Statistical analysis
Results of the study were presented as mean±SD in this assay with three replicates for each sample. SPSS 22.0 (IBM, Armonk, NY, USA) was used to analyze the regular nutritional composition data statistically. Orthogonal partial least squares discriminant analysis (OPLS-DA), variable importance in projection (VIP)>1, p-value<0.05 was defined as the criterion for significant differences.
Results and Discussion
Analysis of chemical components and muscle fiber parameters
There was no significant difference in the results of routine nutrient content measurements (Table 1) at pH45min, moisture, ash, and EE, but the CIE a*, CIE b*, and CIE L* of PM were significantly higher than LD and BF (p<0.05). The CIE a* is associated with meat hemoglobin content, CIE b* is negatively correlated with muscle freshness, and CIE L* is related to muscle whiteness (Liang et al., 2023). Therefore, we hypothesized that PM has the highest hemoglobin content and LD has the best freshness, which may be more popular with consumers in terms of meat color. The rank order of CP levels in three parts of Chaka sheep was: LD>BF>PM.
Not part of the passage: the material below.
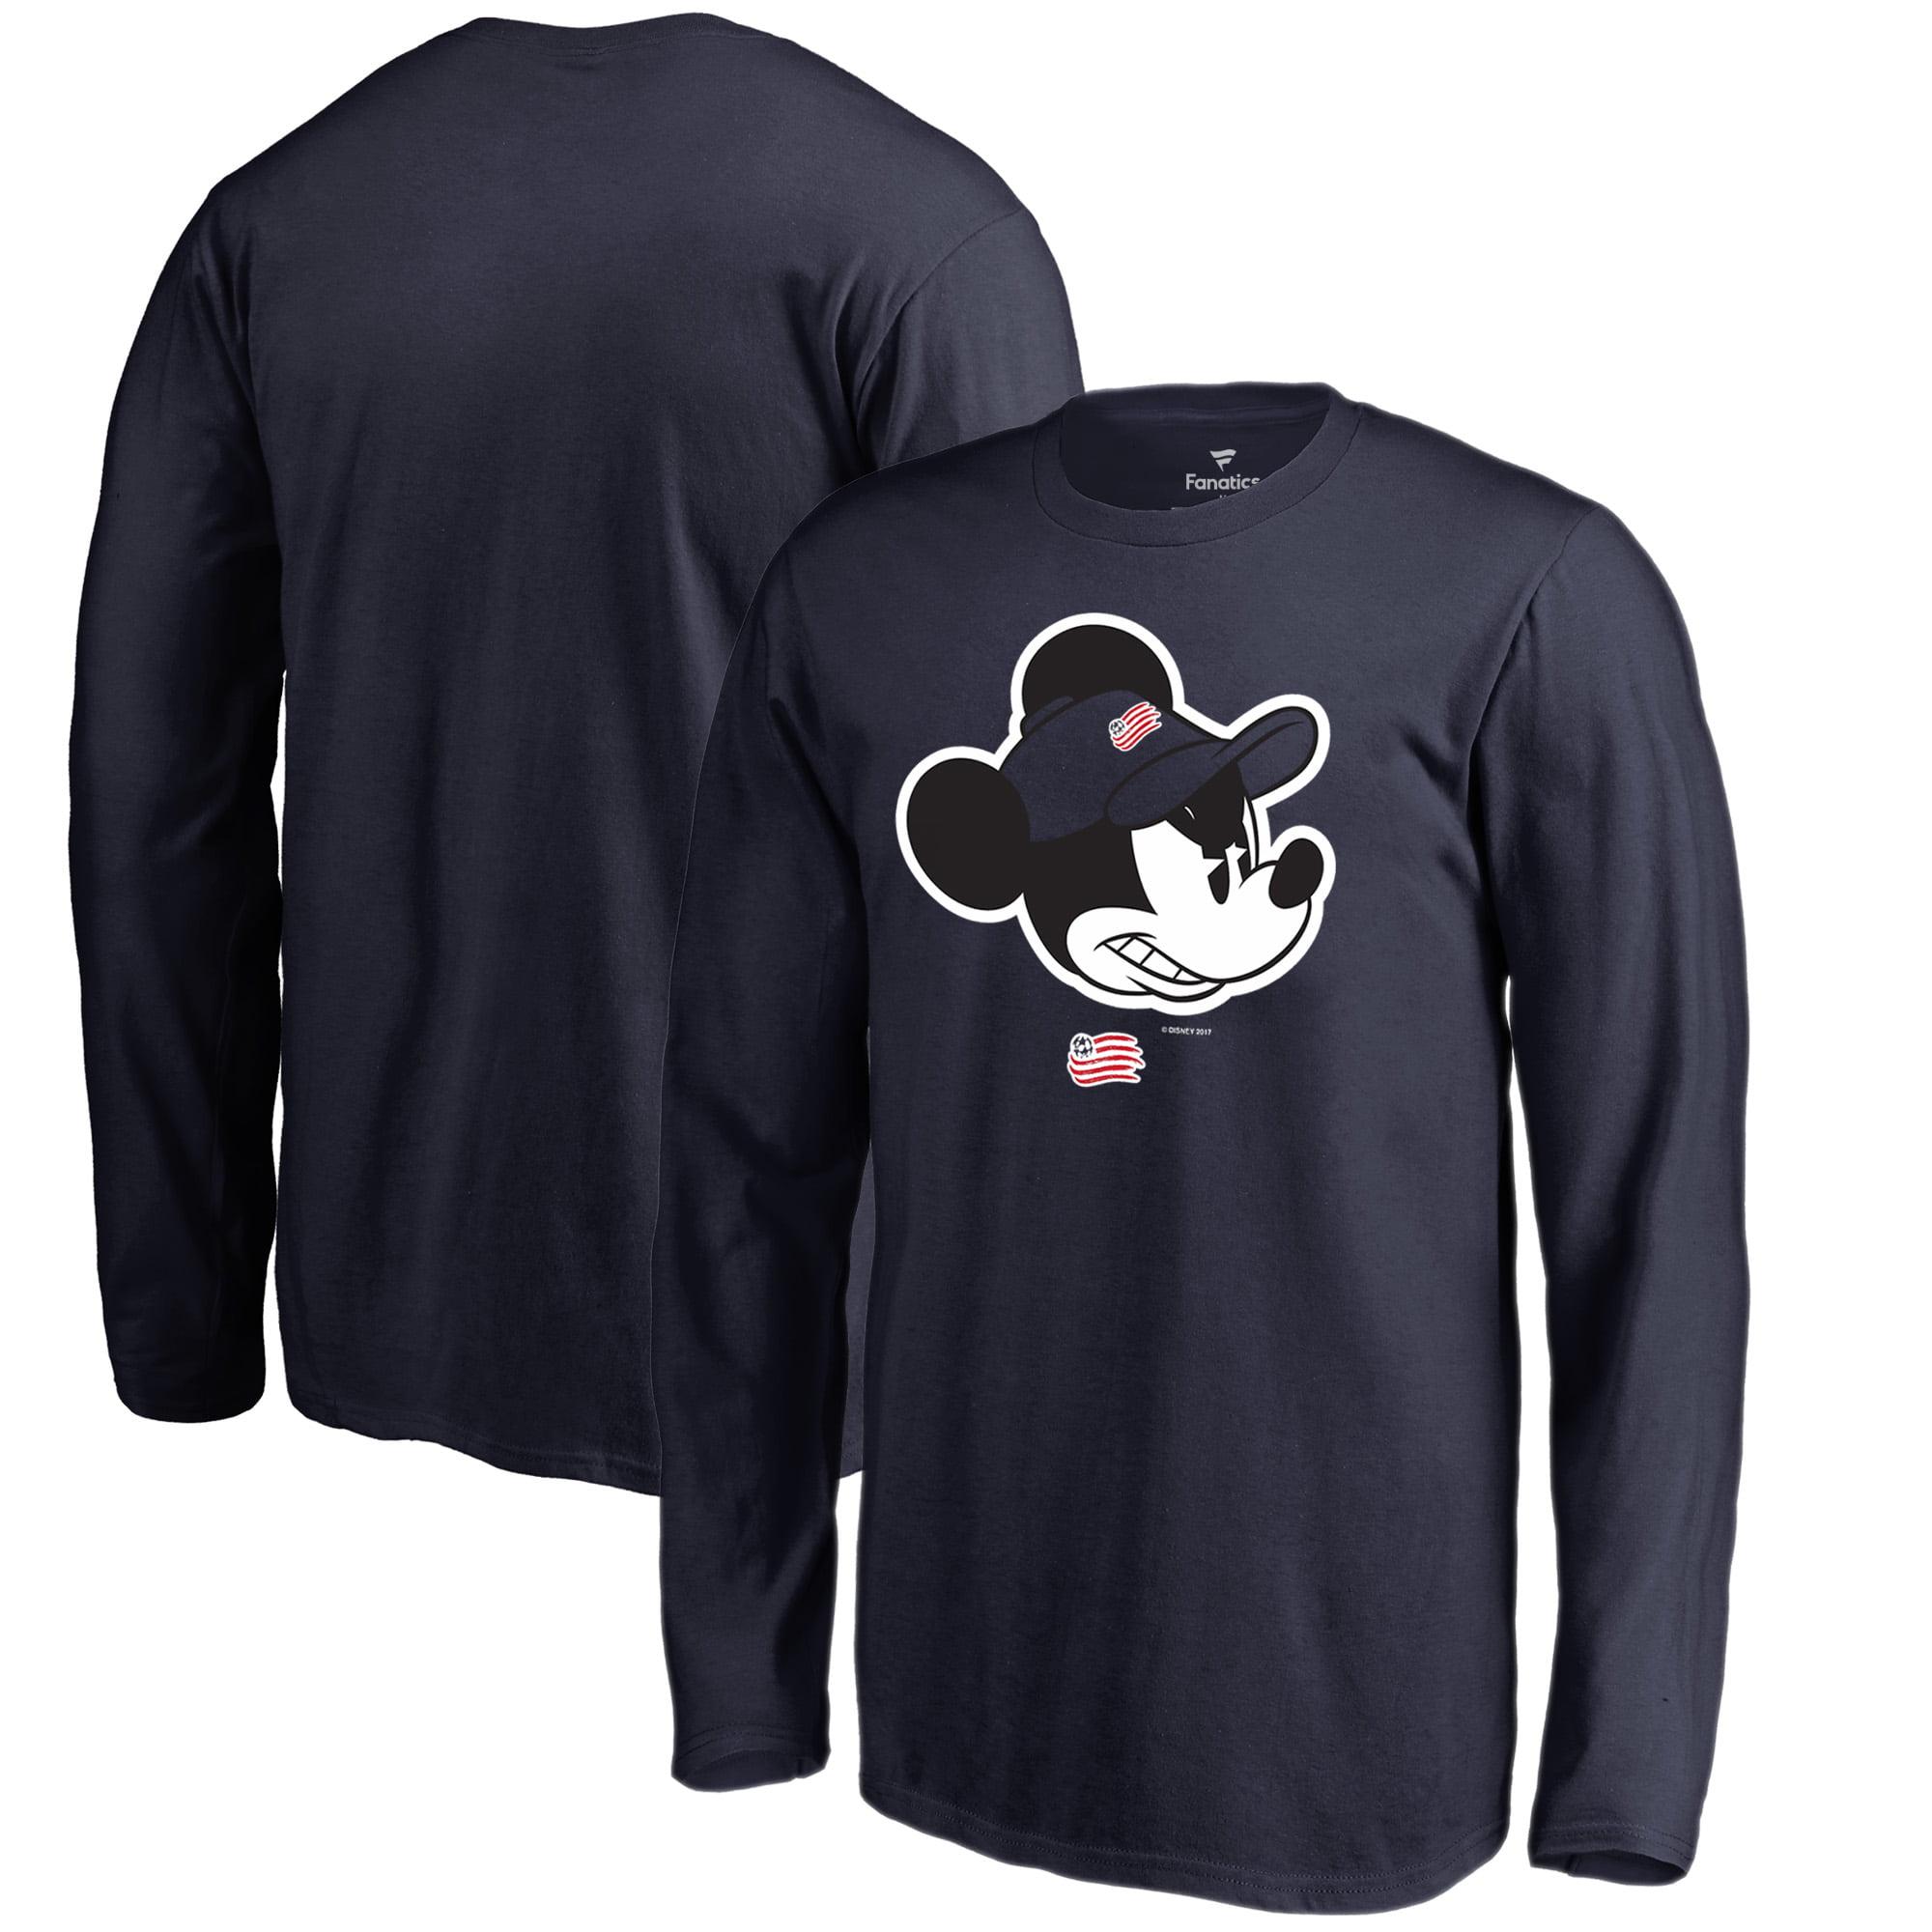 New England Revolution Fanatics Branded Youth Disney Game Face Long Sleeve T-Shirt - Navy
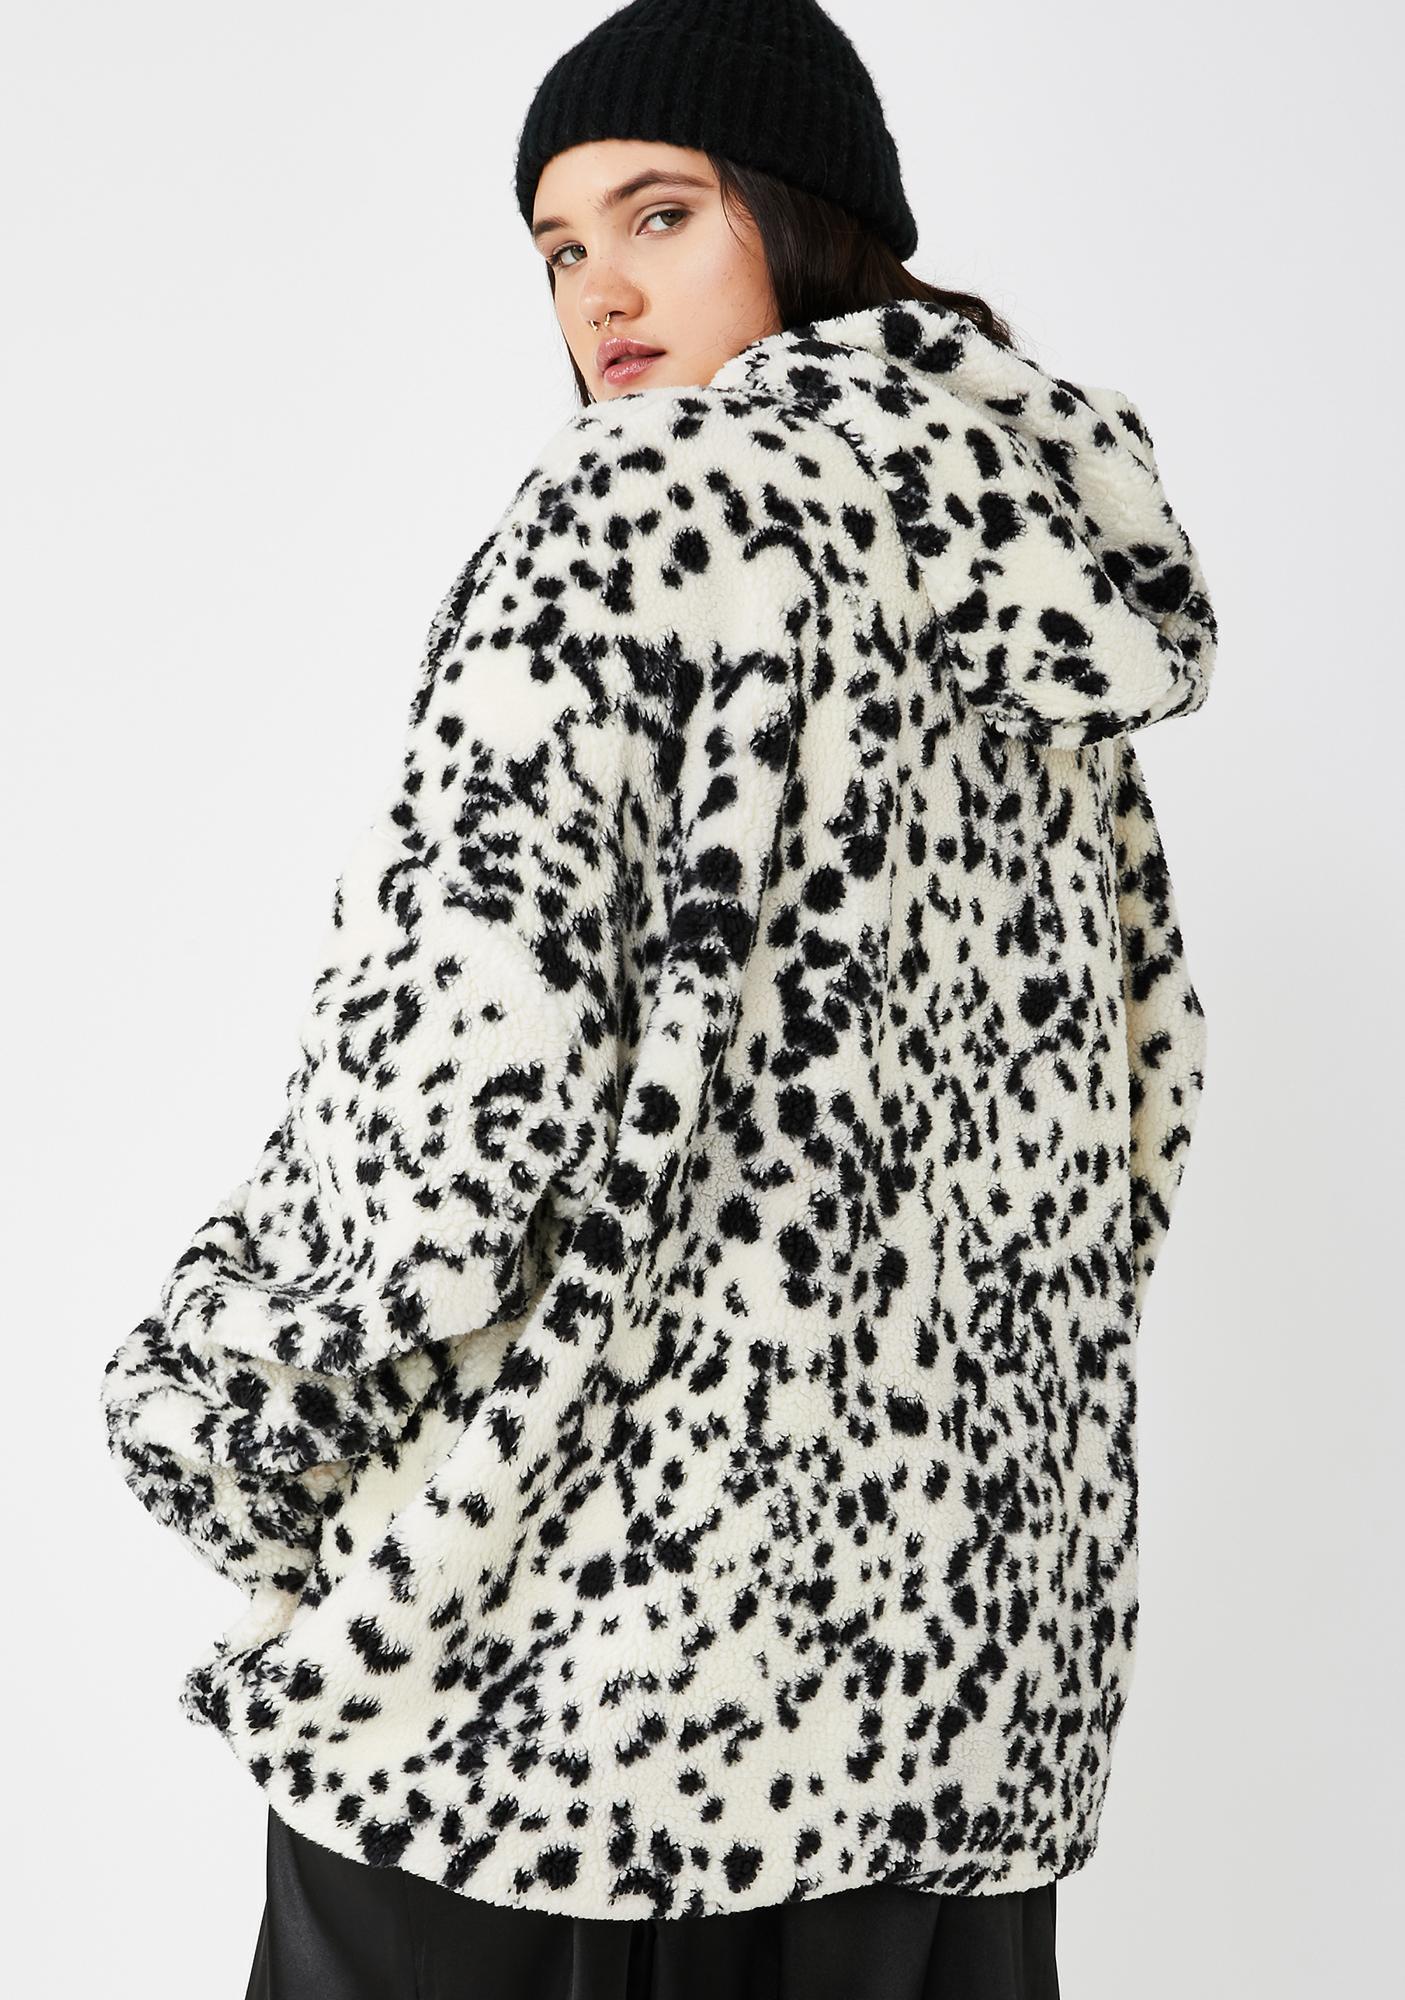 NEW GIRL ORDER Plus Dalmatian Teddy Jacket

Table 1. The routine nutrient composition of different parts of muscles
The MSTR, Ash, CP and EE are on a dry matter basis.
a–c Means within a row with different subscripts differ when p-value<0.05.
LD, longissimus dorsi; PM, psoas major; BF, biceps femoris; MSTR, moisture; Ash, ash; EE, ether extract; CP, crude protein.
Previous studies showed that muscle fiber properties, such as type, size and total number of fibers in different parts were different, the higher muscle fiber density, the higher economic value of meat (Qin et al., 2020). The results of myofiber measurements are shown in Fig. 2, the total area of myofibers did not differ significantly between LD, PM, and BF, the total number of myofibers was ranked from most to least: PM>LD>BF, the density of myofibers was ranked: PM>LD>BF, the diameter of myofibers was the largest in BF. Our study demonstrated significant differences in total myofiber number, myofiber density, and myofiber diameter in LD, PM, and BF (p<0.05). The myofiber density in LD (1,557.93 n/mm2) and PM (1,588.74 n/mm2) were significantly higher than in BF (781.11 n/mm2), so it may suggested that LD and PM have a higher commercial value than BF.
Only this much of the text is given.